◆ YOUR ASSIGNMENT ◆
One range is to be output from the listing below, exactly as written: the line with "A first timer's" to the line with "blossom, Stock Photo", both kept.

◆ DATA FOR PROCESSING ◆
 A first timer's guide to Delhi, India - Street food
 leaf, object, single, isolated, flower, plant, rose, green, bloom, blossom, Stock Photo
==
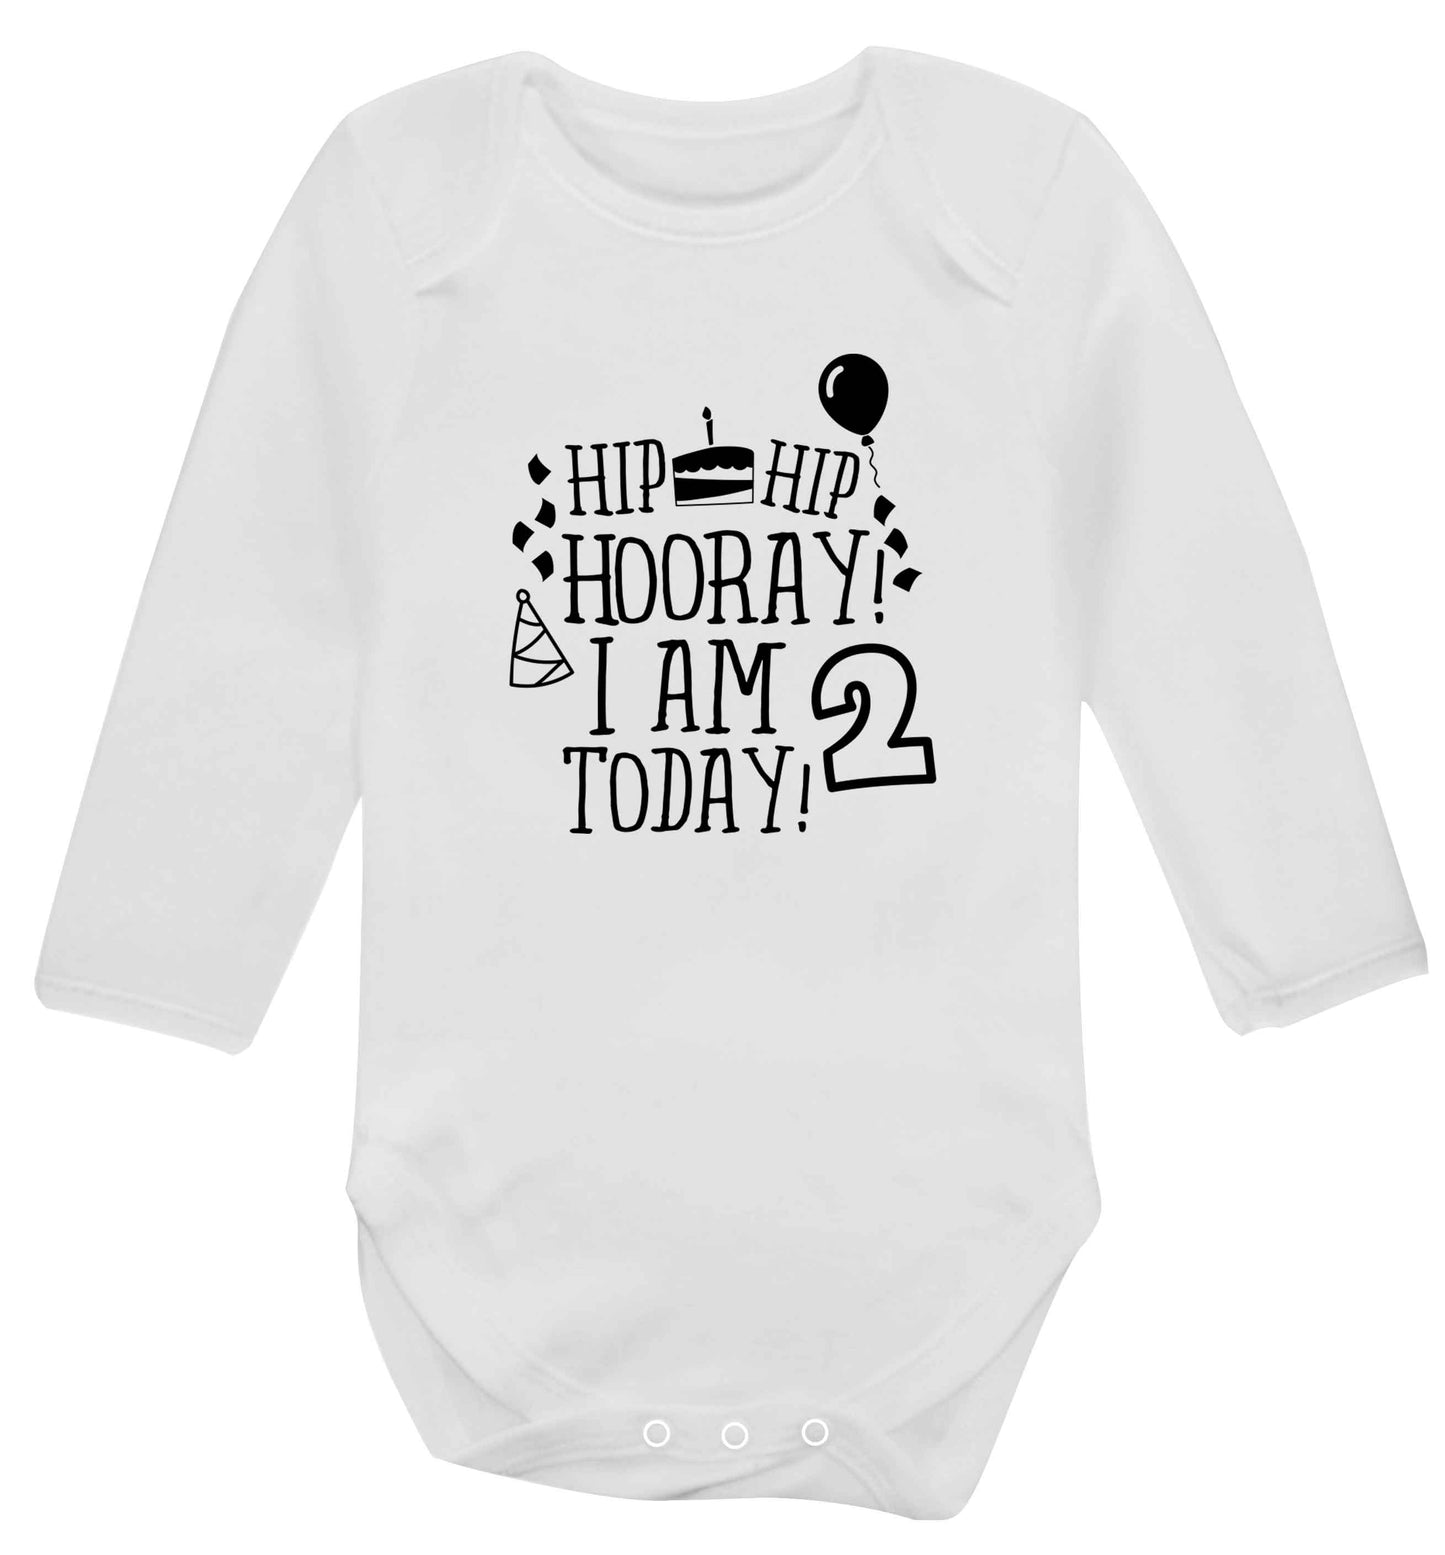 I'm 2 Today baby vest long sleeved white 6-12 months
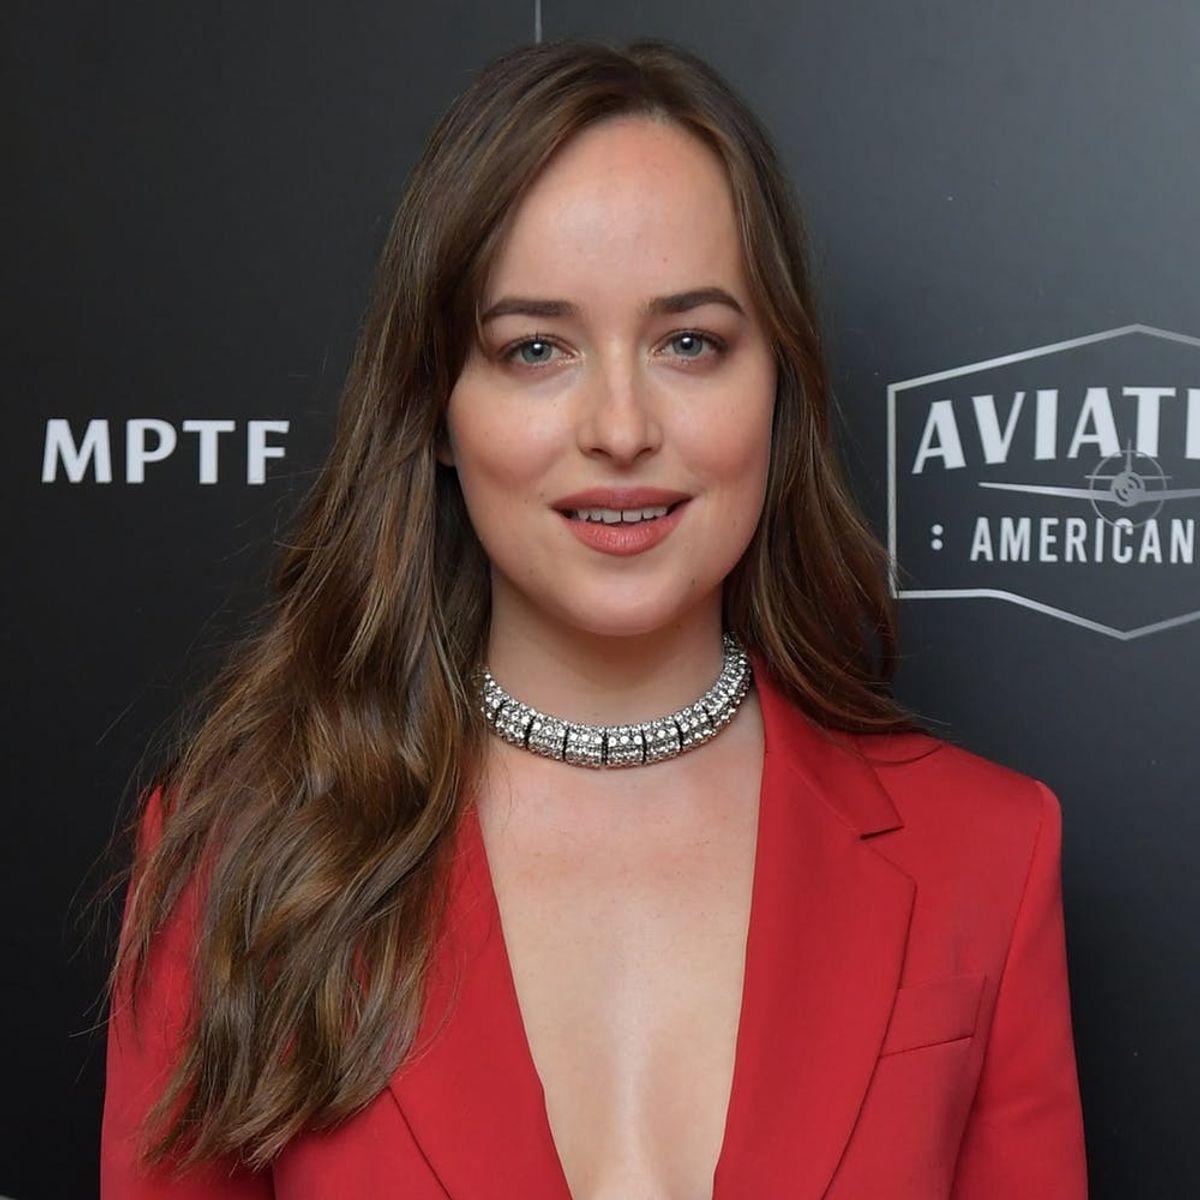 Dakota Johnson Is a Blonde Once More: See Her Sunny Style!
--
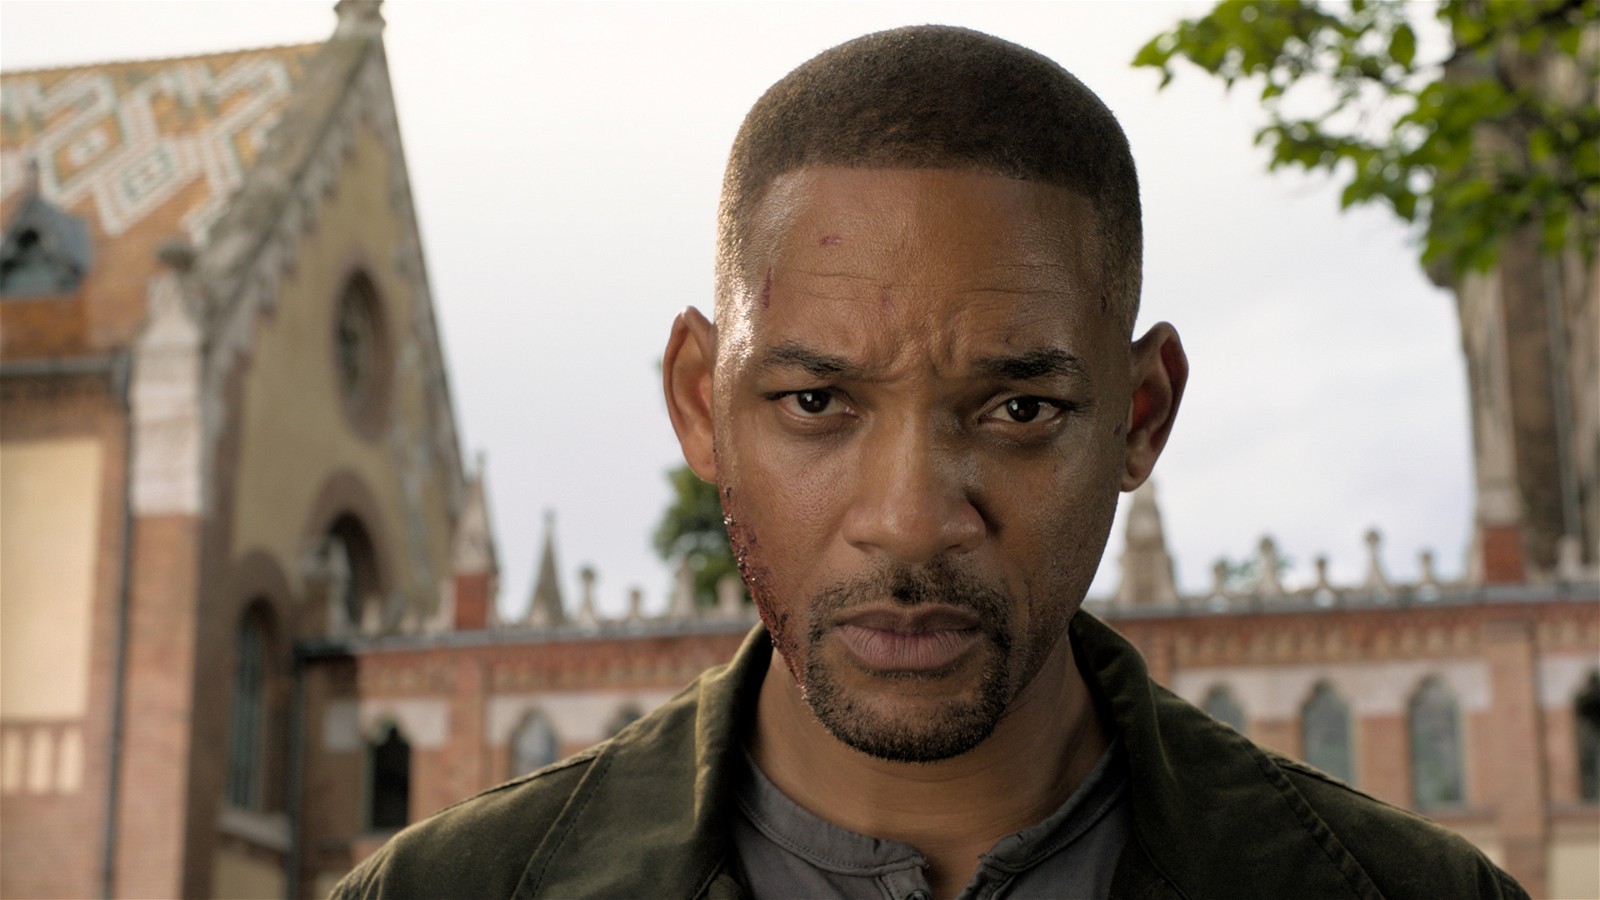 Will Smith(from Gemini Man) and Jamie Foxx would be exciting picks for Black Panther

◆ RESPONSE TO THIS EXERCISE ◆
 A first timer's guide to Delhi, India - Street food
 leaf, object, single, isolated, flower, plant, rose, green, bloom, blossom, Stock Photo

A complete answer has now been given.